Popcorn caramellati

Ricordo un pomeriggio in una saletta soffocante, stipata di bambini e satura del caldo alito del popcorn. La luna era gialla sopra il cantante con il fazzoletto al collo, il dito che grattava la chitarra, il piede su un tronco di pino, e avevo abbracciato in tutta innocenza la spalla di Lo e avvicinato la mascella alla sua tempia quando due arpie dietro di noi si misero a borbottare le cose più bizzarre… forse capii male, ma quello che capii mi indusse a ritirare la mia mano gentile, e naturalmente il resto dello spettacolo fu nebbia per me.

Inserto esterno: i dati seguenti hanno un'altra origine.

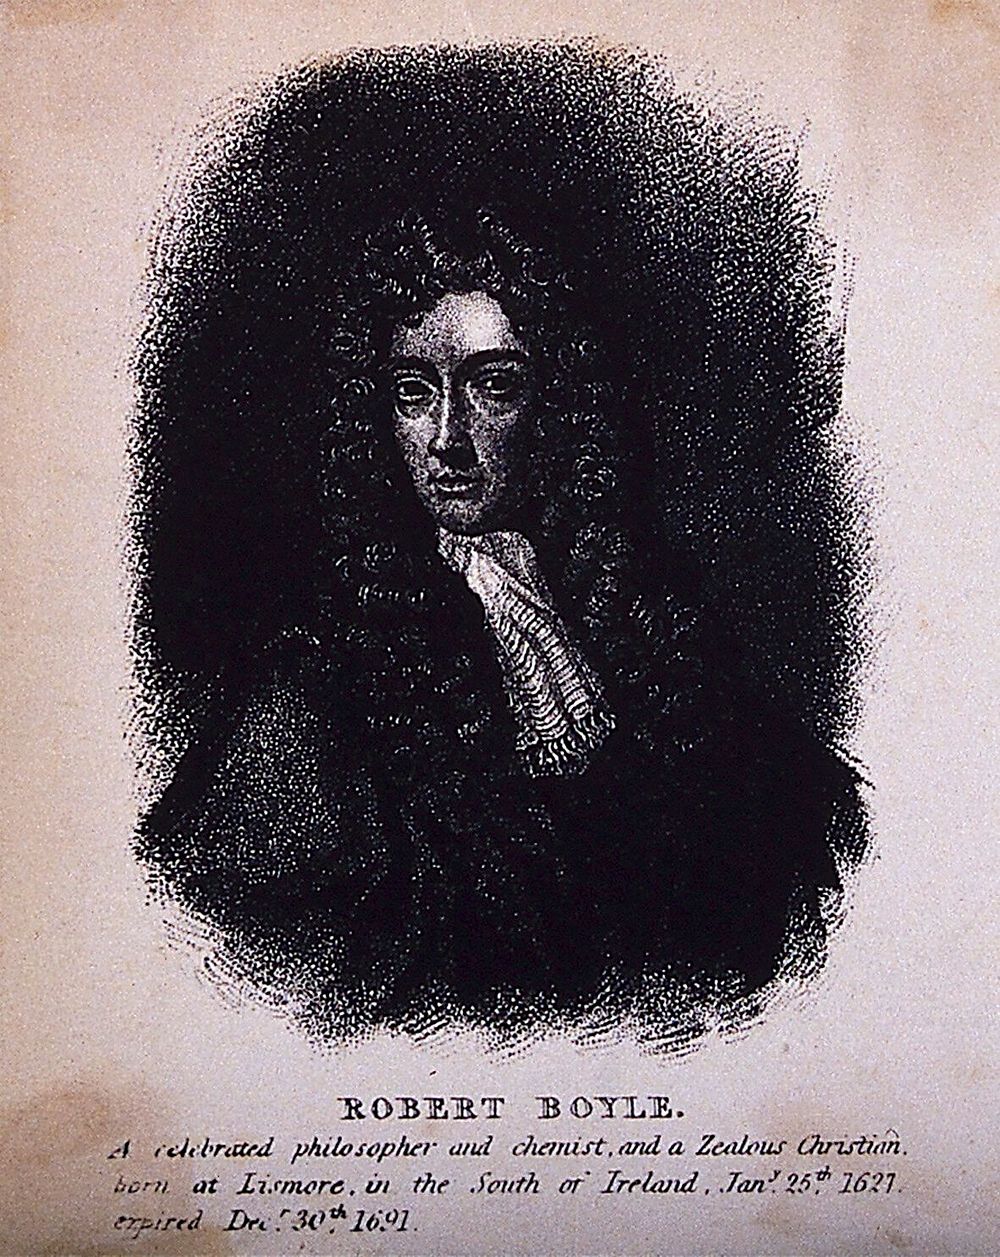 Portrait of The Honourable Robert Boyle (1627 - 1691), Irish natural philosopher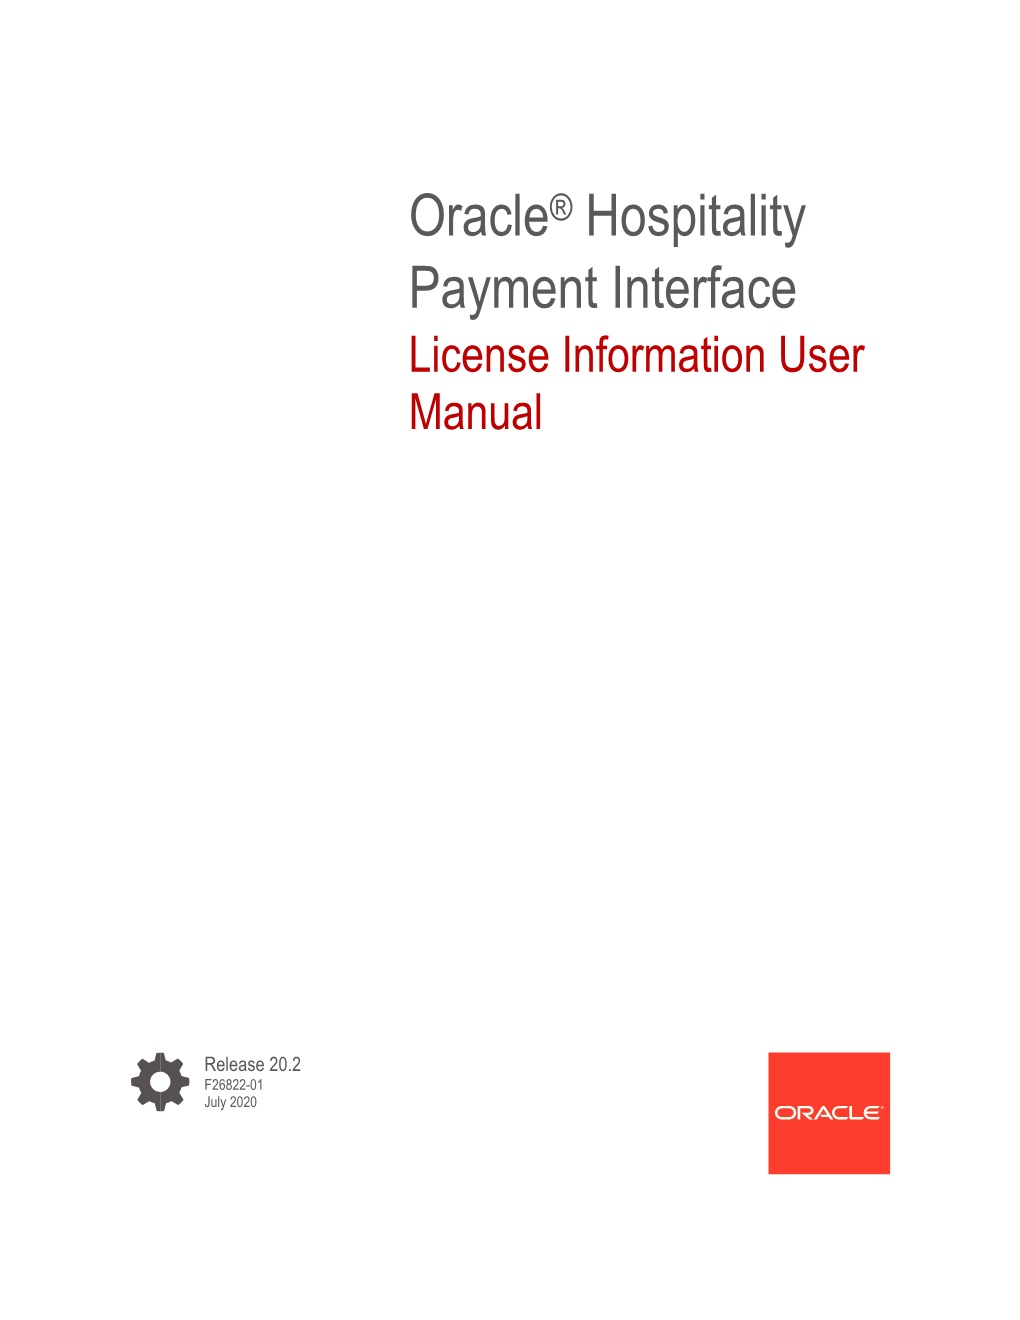 Licensing Information User Manual

Da “Lolita” di Vladimir Nabokov.

Ingredienti per 4 persone
1 tazza di mais in chicchi per popcorn
100 g di zucchero
30 g di burro
1 cucchiaino di bicarbonato
olio di semi

Preparazione
1. Cuocere i popcorn
In una pentola alta scaldare dell’olio di semi.
Versare il mais per popcorn e coprire con il coperchio, dopo qualche minuto i popcorn inizieranno a scoppiettare, abbassare la fiamma e scuotere un po’ la pentola in modo da far scoppiare tutti i chicchi di mais in fiocchi di popcorn. Quando non sentite più rumori che provengono dalla pentola, togliete dal fuoco e versate i popcorn in un’ampia teglia da forno.

2. Preparare il caramello
Versare lo zucchero con il burro nella pentola e sciogliere a fuoco lento, aggiungere il bicarbonato e mescolare con una frusta, il composto diventa gonfio e colloso.
Versare il caramello sui popcorn e mescolare con un cucchiaio in modo che il caramello si distribuisca sui popcorn. Bisogna fare in fretta perchè il caramello solidifica rapidamente.


3. Passare in forno i popcorn caramellati

Se non li mangiate subito, potete passare i forno i popcorn caramellati per un quarto d’ora prima di servirli.

Note
lolita, copertina della prima edizionePopcorn, cinema, nebbia e ho ritrovato così uno dei miei autori preferiti Vladimir Vladimirovič Nabokov, nato a San Pietroburgo il 23 aprile del 1899 (Toro), lasciò con la famiglia la Russia in seguito alla rivoluzione del 1917, visse in Inghilterra, Irlanda, Francia, Stati Uniti e finì i suoi anni in Svizzera, dove si spense a Montreaux sul lago di Ginevra.
“Lolita” il romanzo esce nel 1955 in inglese negli USA, ed è subito scandalo per i contenuti scabrosi: Humbert Humbert professore di letteratura di mezza età diventa il patrigno di Dolores Haze per instaurare una relazione sessuale con la ragazzina, appena dodicenne. Dolores, detta anche Dolly, per Humbert è Lolita, Lo, la sua mostruosa ossessione.
« Lolita, light of my life, fire of my loins. My sin, my soul. »
« Lolita, luce della mia vita, fuoco dei miei lombi. Mio peccato, anima mia. »
Lo stesso Nabokov traduce in russo il romanzo, dieci anni più tardi.
Stanley Kubrick ne fa un film nel 1962.